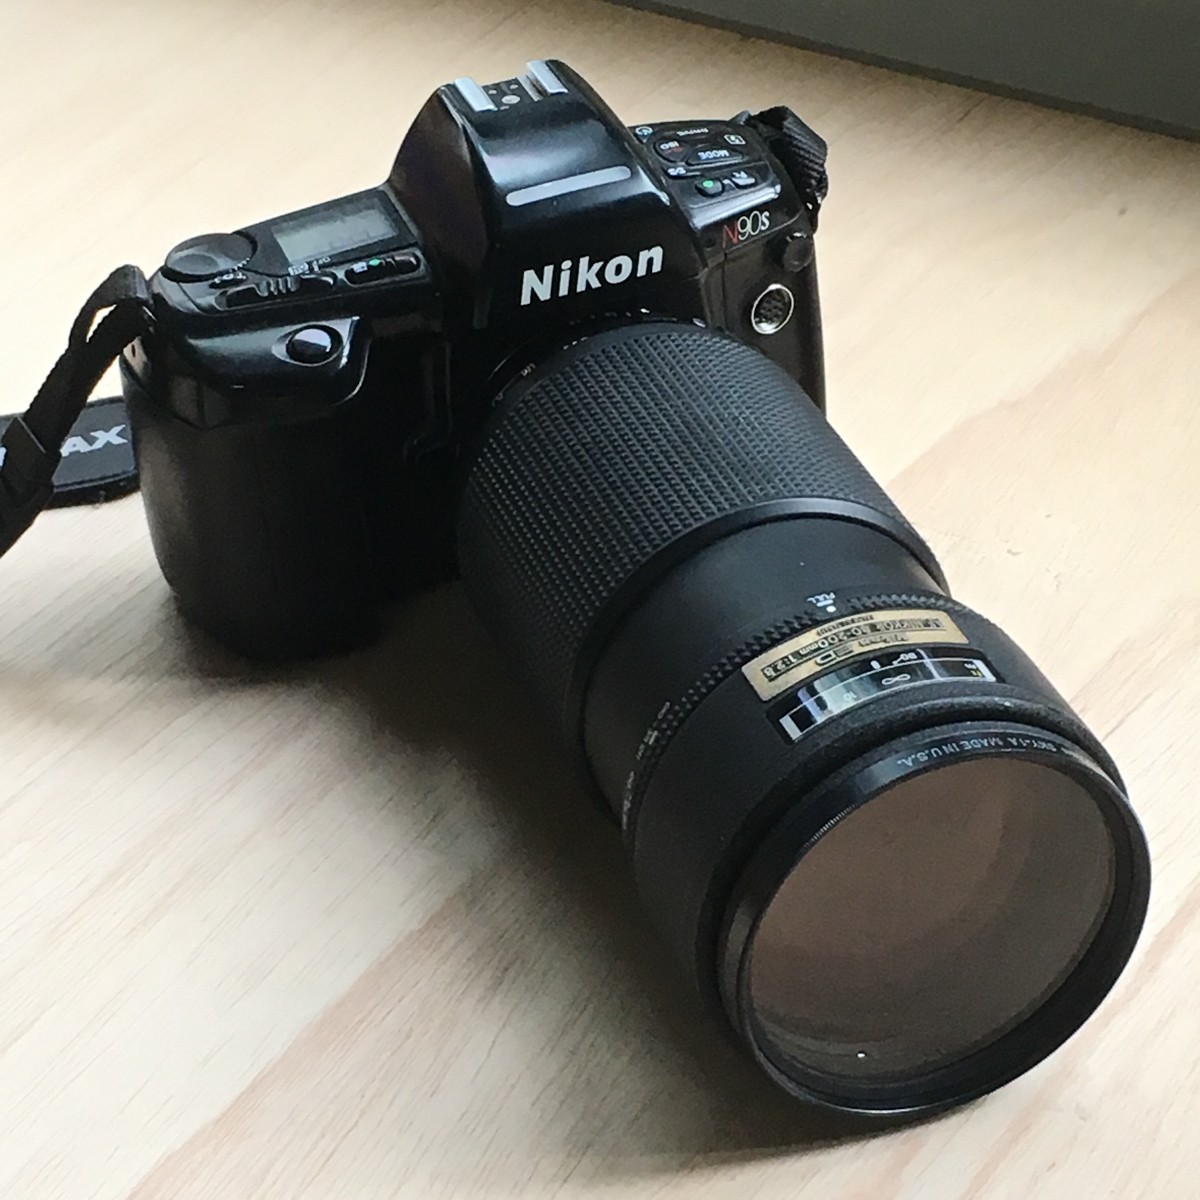 Nikon N90S and Nikon 80-200mm f/2.8 AF lens
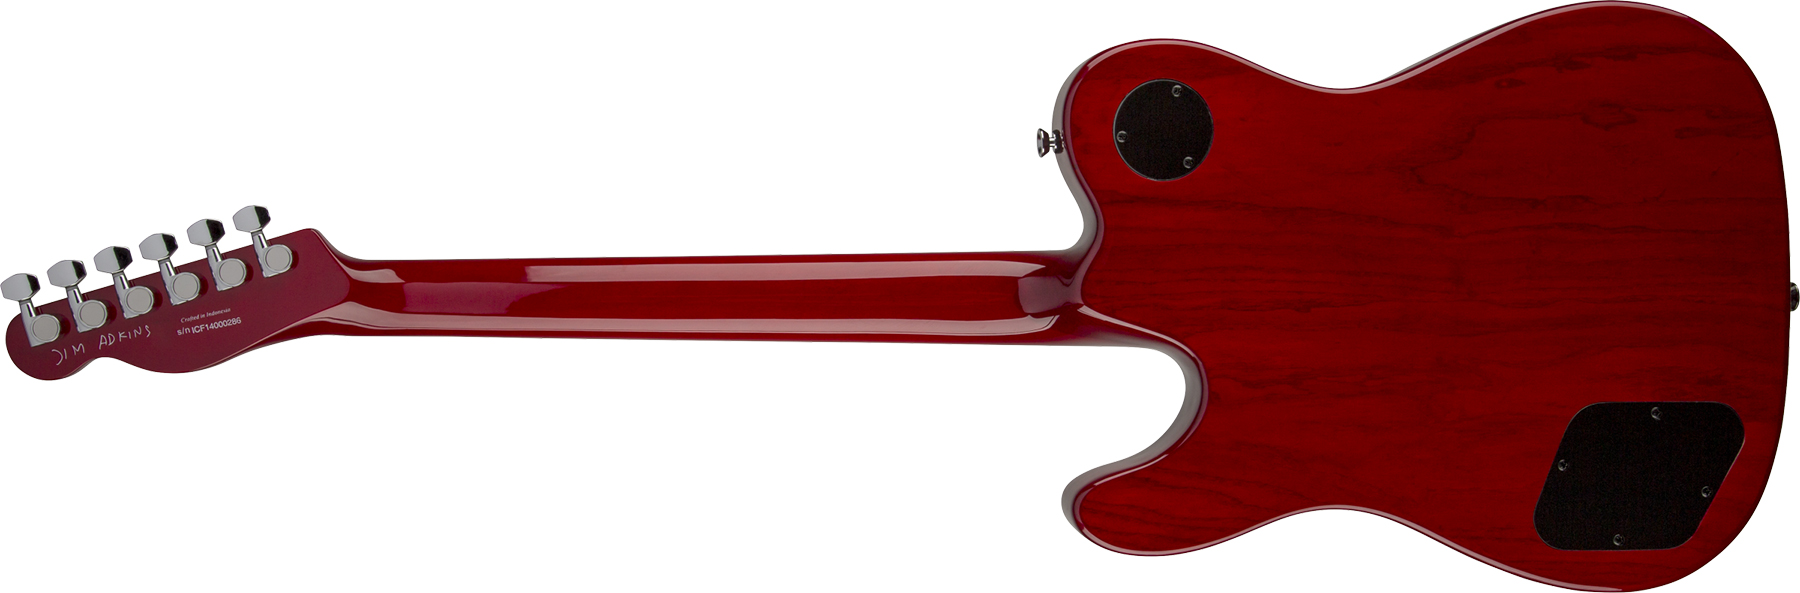 Fender Jim Adkins Tele Ja-90 Mex Signature 2p90 Lau - Crimson Red Transparent - Guitare Électrique Forme Tel - Variation 1
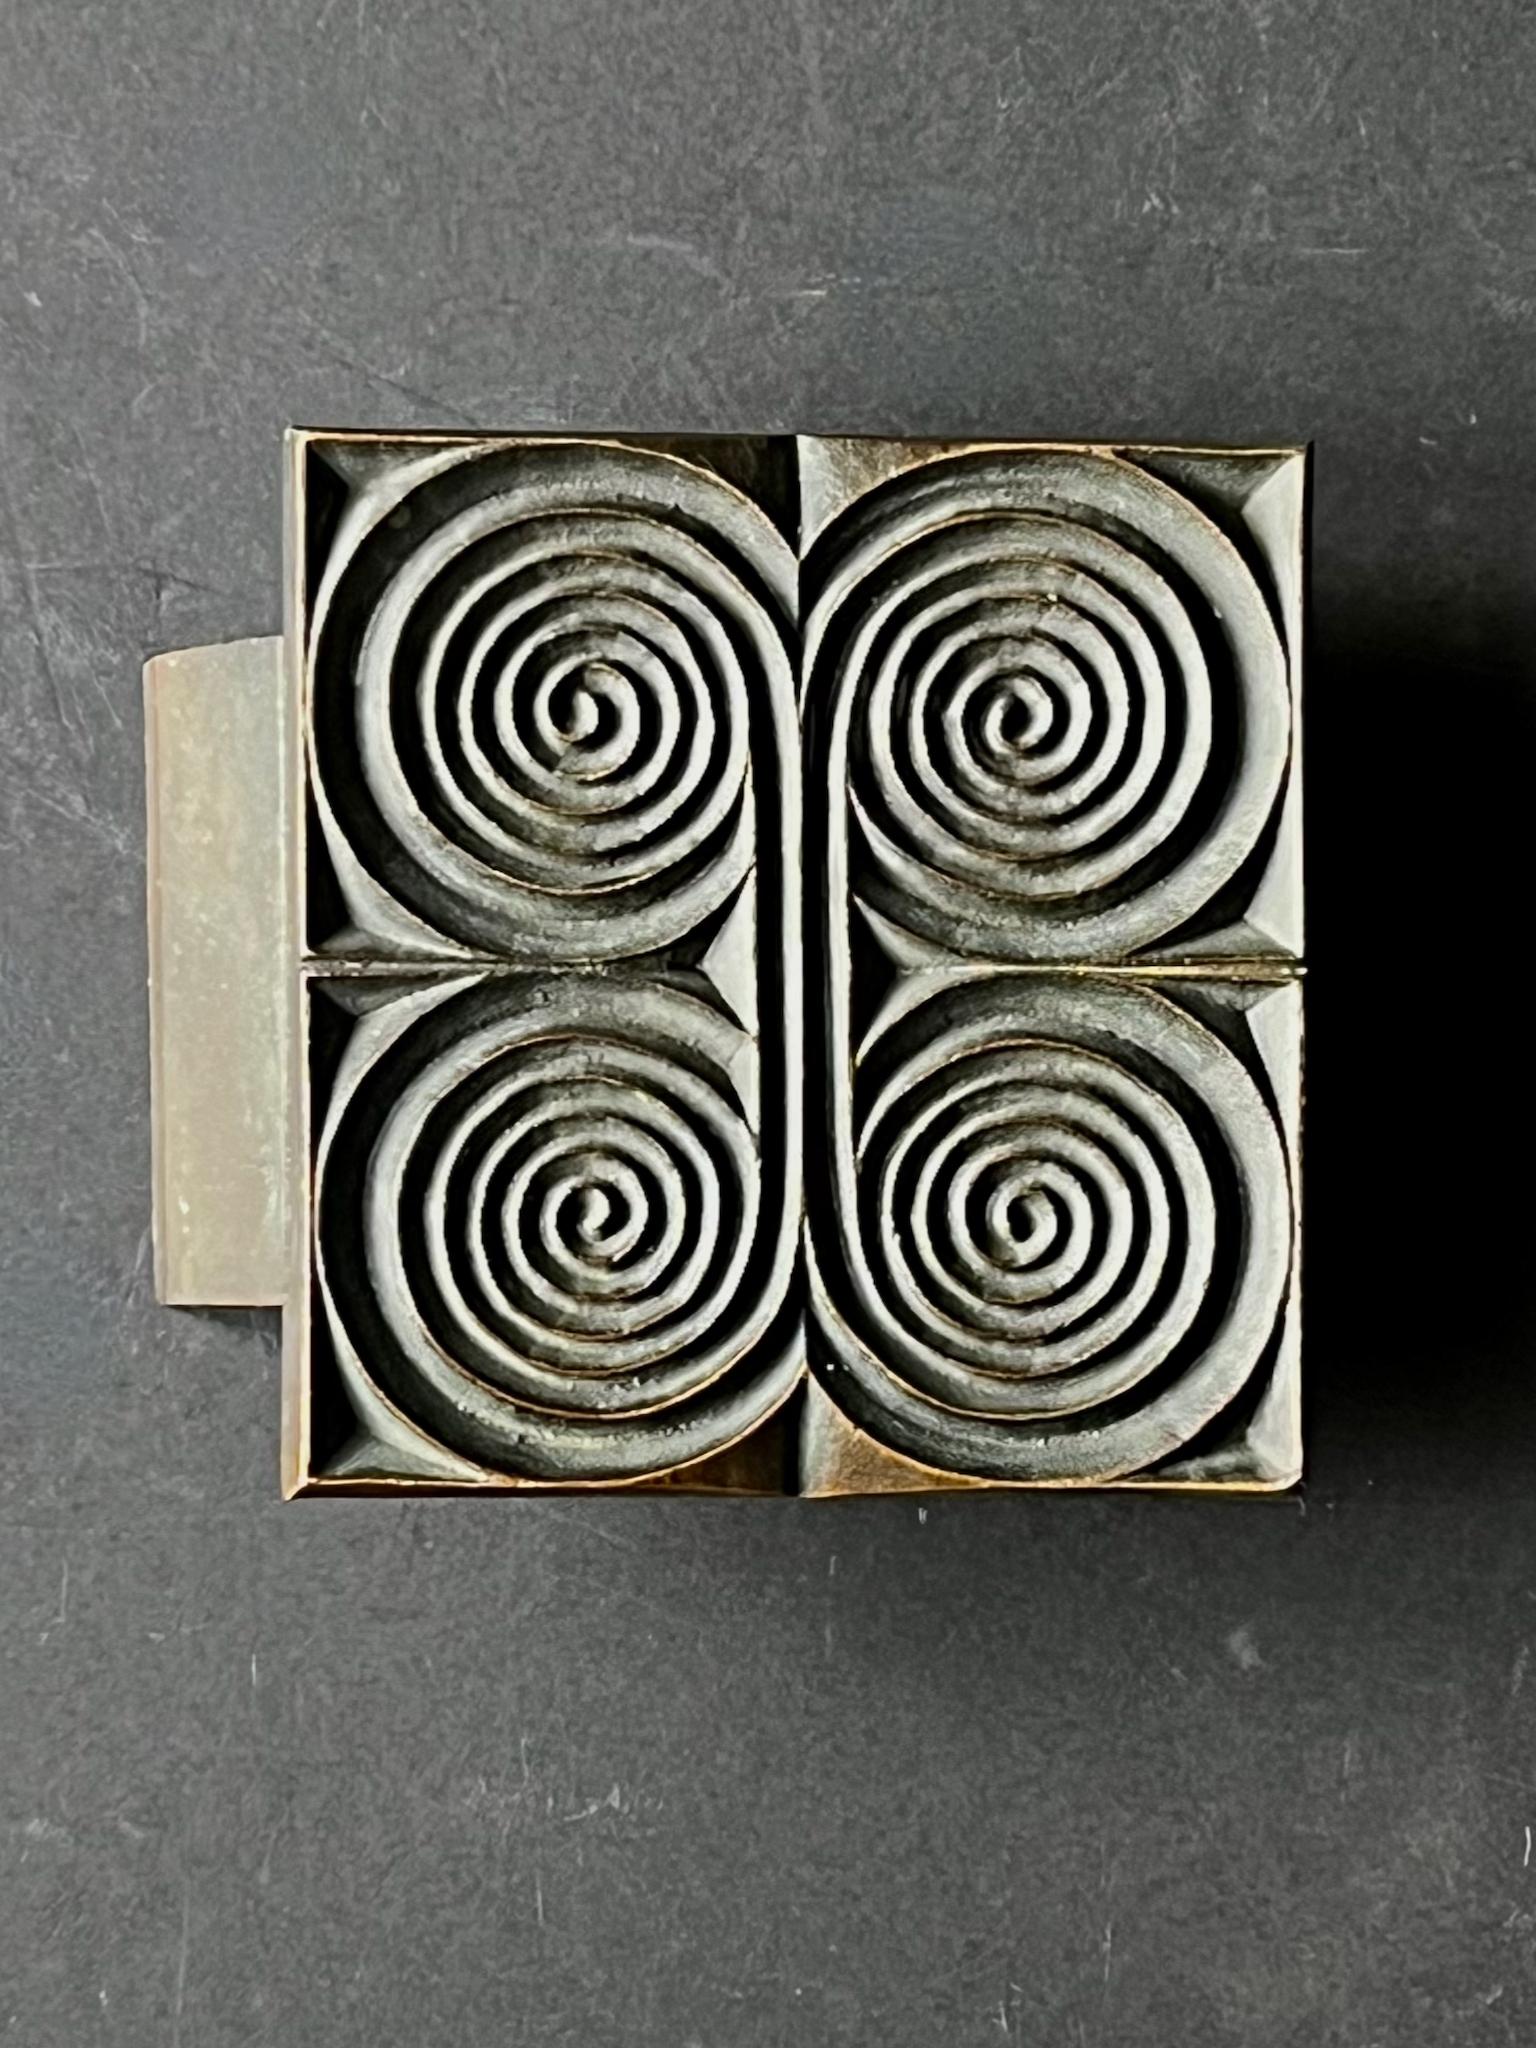 Viereckiger Türdrücker aus Bronzeguss mit erhabenem Spiralmuster. Design aus dem 20. Jahrhundert, gefunden in Deutschland.

Das Stück ist in gutem Vintage-Zustand mit einer dunkelbraunen Patina auf dem Metall. Es gibt alters- und gebrauchsbedingte
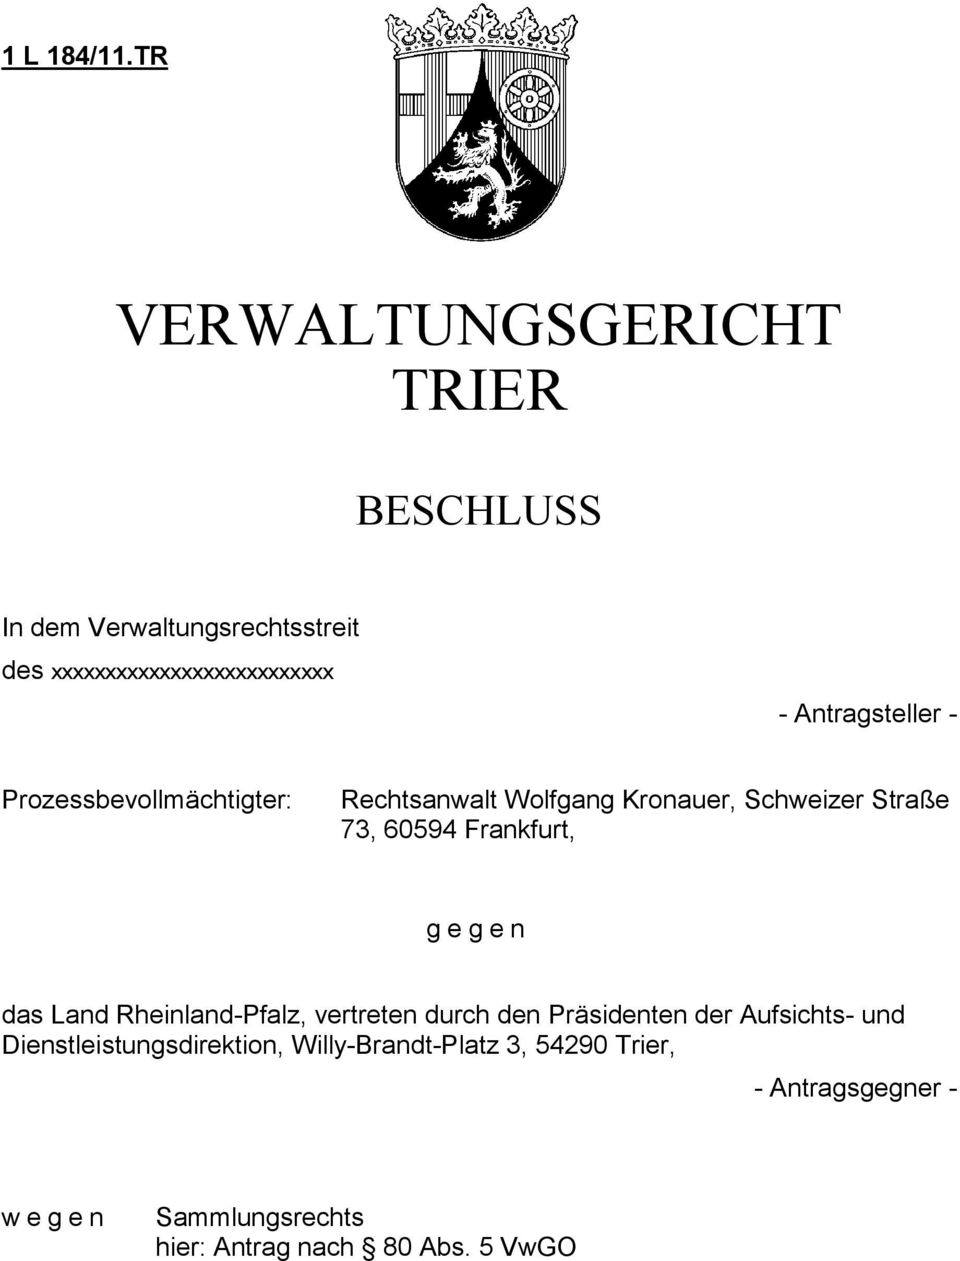 Antragsteller - Prozessbevollmächtigter: Rechtsanwalt Wolfgang Kronauer, Schweizer Straße 73, 60594 Frankfurt,

* Task statement: The reply should repeat the listing above exactly and contain no pictures.

* Completed task:
 Nikon N90S and Nikon 80-200mm f/2.8 AF lens
 Fender Jim Adkins Tele Ja-90 Mex Signature 2p90 Lau - Crimson Red Transparent - Guitare Électrique Forme Tel - Variation 1
 Viereckiger Türdrücker aus Bronzeguss mit erhabenem Spiralmuster. Design aus dem 20. Jahrhundert, gefunden in Deutschland.

Das Stück ist in gutem Vintage-Zustand mit einer dunkelbraunen Patina auf dem Metall. Es gibt alters- und gebrauchsbedingte
 Antragsteller - Prozessbevollmächtigter: Rechtsanwalt Wolfgang Kronauer, Schweizer Straße 73, 60594 Frankfurt,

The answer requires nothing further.